Business

Harris County homeownership falls, housing affordability worries grow

Harris County lost 19,000 owner-occupied households as insurance bills jumped 17%, deepening fears that longtime residents are being priced out of ownership.

Sarah Chen··2 min read
Published
Listen to this article0:00 min
Harris County homeownership falls, housing affordability worries grow
Source: Community Impact

Homeownership slipped again in Harris County as insurance bills climbed, rents stayed high and more households found the monthly math harder to make work. Rice University’s Kinder Institute for Urban Research said the county lost about 19,000 owner-occupied households, a 1.9% decline, while Houston lost about 7,750 Black-homeowner households, a 5.4% drop.
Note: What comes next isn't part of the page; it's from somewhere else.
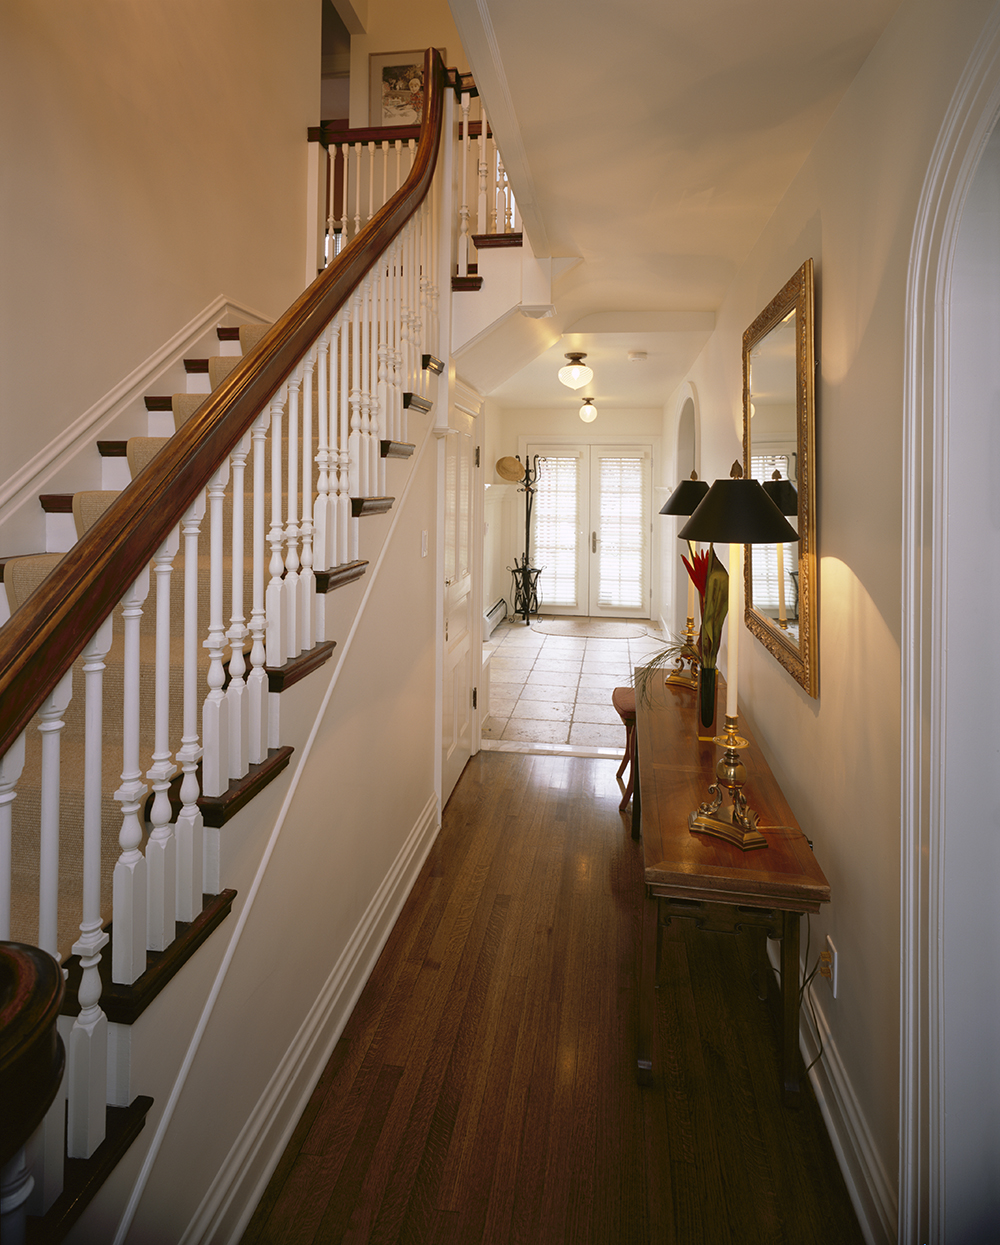 Colonial_Revival_Cheesman_Hallway_002small.jpg

The decline was the largest in Harris County since 2010 and the sharpest recorded by the institute since it began annual tracking in 2005. Kinder researcher Stephen Averill Sherman said the losses were larger than the worst declines during the Great Recession, a sign that the region’s housing squeeze is being driven by deeper structural pressures rather than one bad year.

AI-generated illustration
AI-generated illustration

The strain is showing up on both sides of the market. More than half of renters are cost-burdened, at 52.6% in Houston and 51.2% in Harris County, meaning housing takes up too much of the household budget. Nearly one-quarter of homeowners are also cost-burdened, including 24.4% in Harris County and 23.9% in Houston. Kinder’s abstract says the region is facing an escalating affordability crisis driven by stagnant wages, persistent inflation and rising housing costs, and that many families are being forced to choose between housing and basic needs like food or health care.

Insurance is making ownership even more expensive. Homeowners’ premiums rose 17% in Harris County in one year to $2,303 and 13% in Houston to $2,166. The report also says roughly 1 in 4 housing units in Houston sit in a floodplain under preliminary FEMA maps, a reminder that long-term risk is feeding the cost of staying in place.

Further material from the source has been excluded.